● **Dataset section**
----

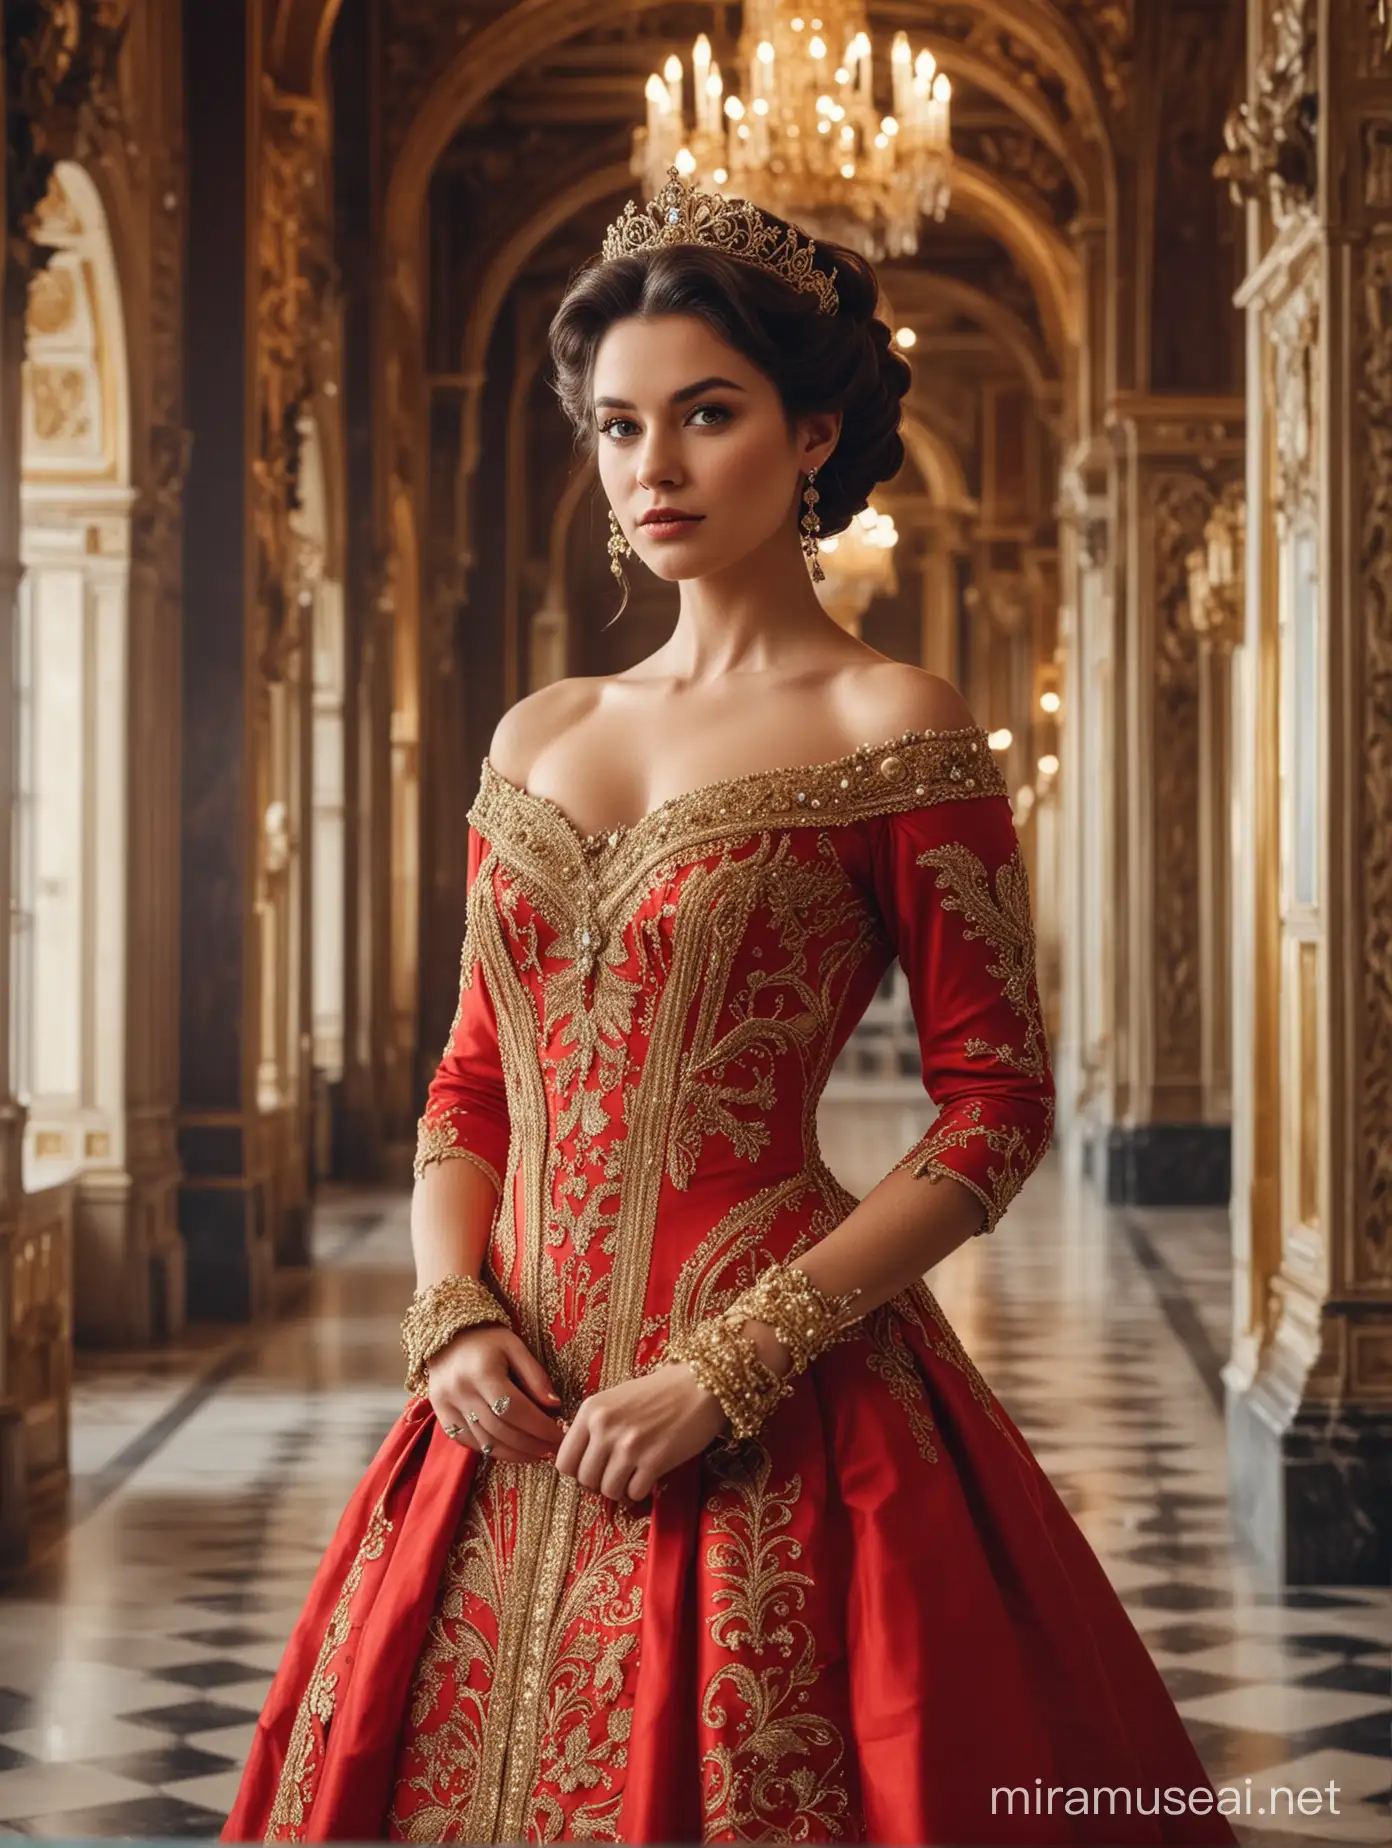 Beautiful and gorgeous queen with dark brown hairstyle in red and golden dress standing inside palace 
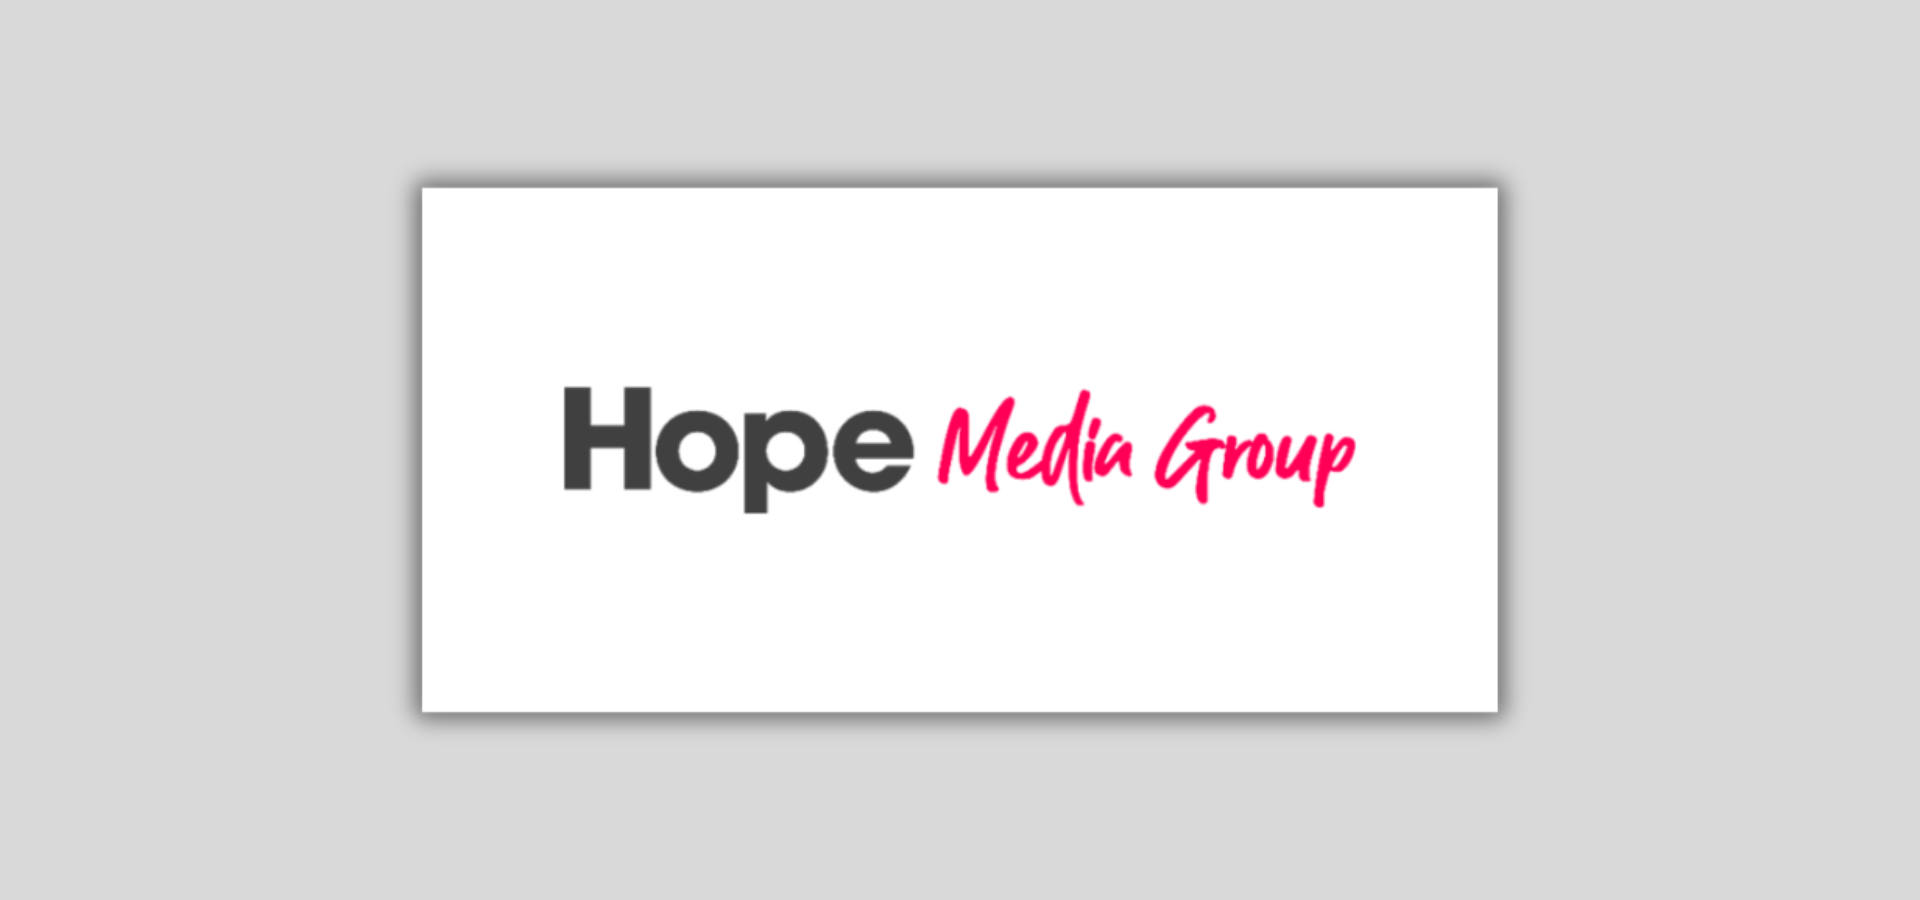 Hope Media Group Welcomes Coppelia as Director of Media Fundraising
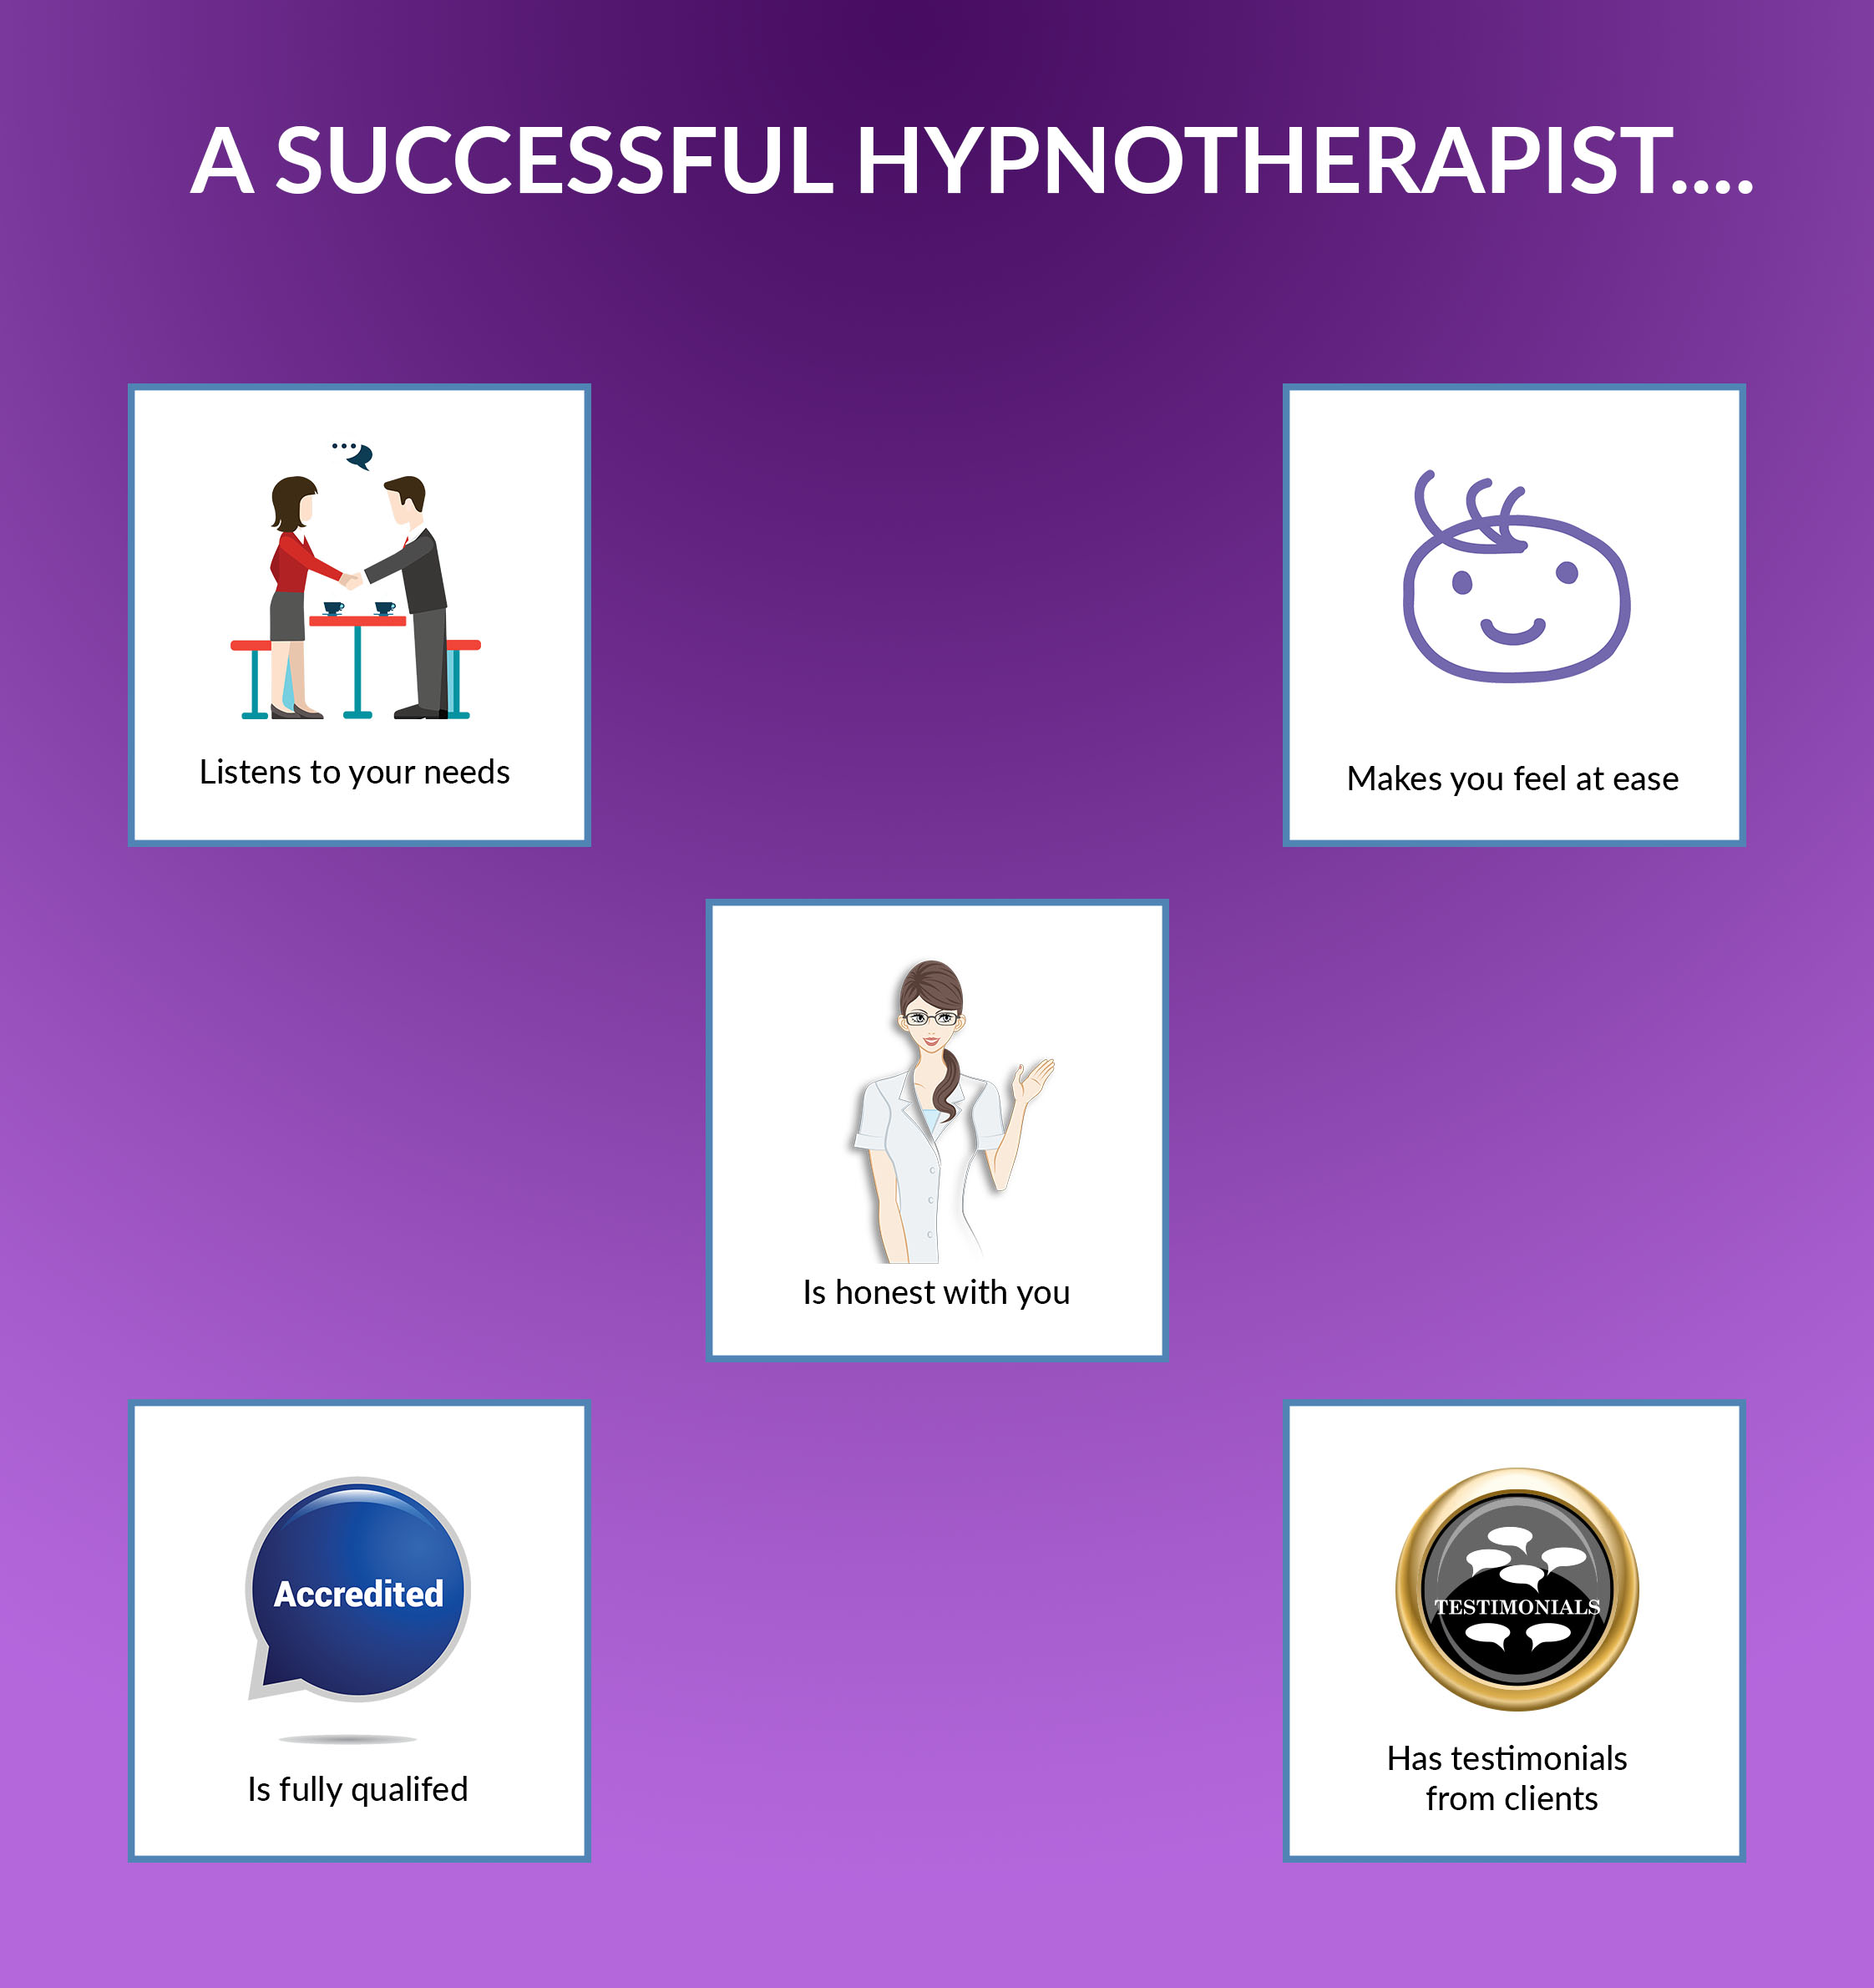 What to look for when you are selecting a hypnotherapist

----

● **Work task**
Everything in the listing above must be restated word for word, except the images.

● **Expected output**
 Beautiful and gorgeous queen with dark brown hairstyle in red and golden dress standing inside palace 
 Hope Media Group Welcomes Coppelia as Director of Media Fundraising
 What to look for when you are selecting a hypnotherapist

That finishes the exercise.